Understand that Burt Rutan is not the only one celebrating the fact that old rules may no longer apply. The phone companies have something to be mildly joyous about, too, in the form of a Bush Administration decision to put an end, in effect, to one of the most controversial provisions of the Telecommunications Act of 1996. The days of providing competitors with low-cost access to networks may be over, just as the public sector lock on space flight may be coming to an end. This could bring a renewed energy to the DSL recruitment drive.
What does this mean to the broadband satellite entrepreneurs? Well, come out to my island here off the coast of Maine for a quick lesson. As you wind your way past the firehouse, look quick. You may or may not spot the little brown shed on the side of the road. The shed itself is not impressive, but the fiber node inside is certainly worth noting. Here in Hancock County, not far from the old telephone museum, I can now determine that the distance between my desk and DSL is well under two miles.
What is it going to take before this rural household, not passed by cable by the way, is propelled into the broadband mainstream? Not much. How much of rural America suddenly finds itself in a similar situation? Dark fiber is abundant, I am told. After begging for more bandwidth, is rural America about to experience a surge in supply? Are phone company executives feeling any heat either from the FCC or from the marketplace?
We can only speculate about what forces are at work. What we do know is that while the satellite broadband companies may have finally put together the right mix of technologies in order to offer a compelling product, they must now take stock of the new bundling dilemma that confronts them. And this means perhaps recalculating what constitutes the right subsidy, and the right business model.
What adds to the complexity of the situation is the limited partnering options in 2004 as well. Phone company executives have already tied the knot with DBS firms, letting DirecTV and Echostar control the video pipe and dissolving for now any dreams of a massive IPTV deployment in the United States. Will the promises of a single bill with its advantages of reducing churn perhaps modify the enthusiasm of the DBS companies to inject what might be deemed an unwelcome element into their relationship with the phone companies? After all, the RBOC’s with their DSL agendas have very little or no incentive to promote satellite broadband.

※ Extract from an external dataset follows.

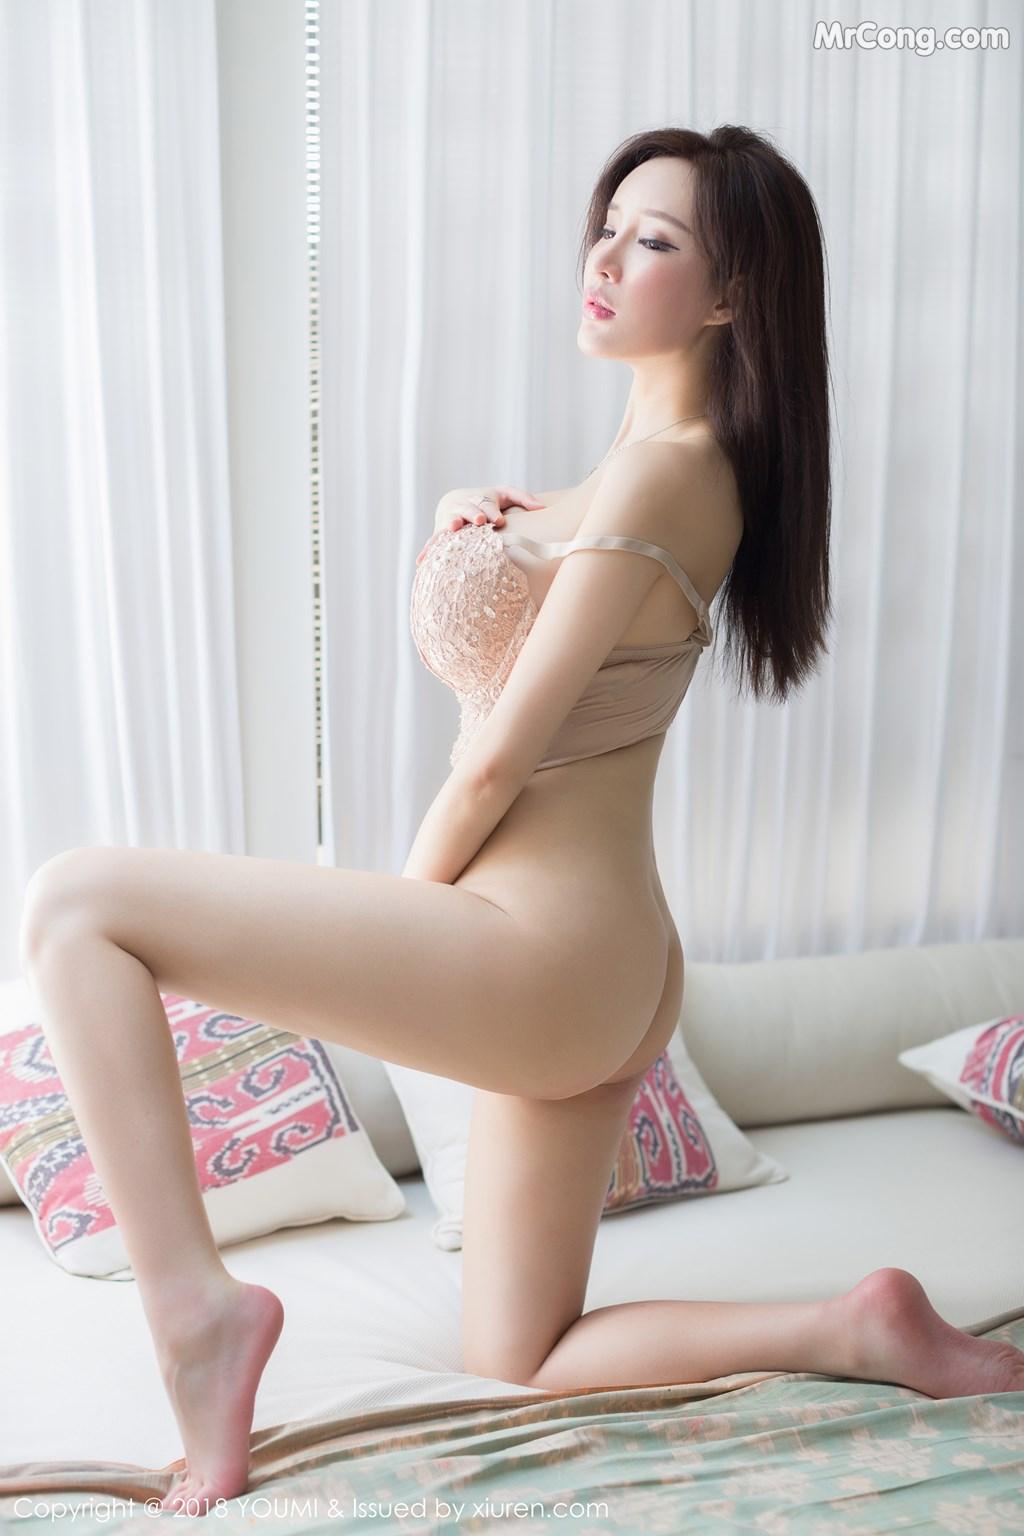 Image YouMi-Vol.197-Tu-Fei-Yuan-Ai-Cuo-Qiong-MrCong.com-006 in post YouMi Vol.197: Người mẫu 奶瓶土肥圆 (48 ảnh)

Developments in late June indicating that SBC Communications Inc. may now invest $4 billion to $6 billion throughout the next five years to deploy an advanced IP network will make the DBS companies think twice, especially as SBC is testing switched TV service using the Microsoft TV IPTV platform. These developments may be a sure sign of what is to come in the form of a massive IPTV deployment.
Given these limited options, would a partnering of cellular phone firms and satellite broadband companies make sense? Where is the win-win? Alas, if any wedding plans are there, the secret is well kept indeed.
Peter J. Brown is Via Satellite’s Senior Multimedia & Homeland Security Editor. He also volunteers as a satellite technology and communications advisor to the Maine Emergency Management Agency.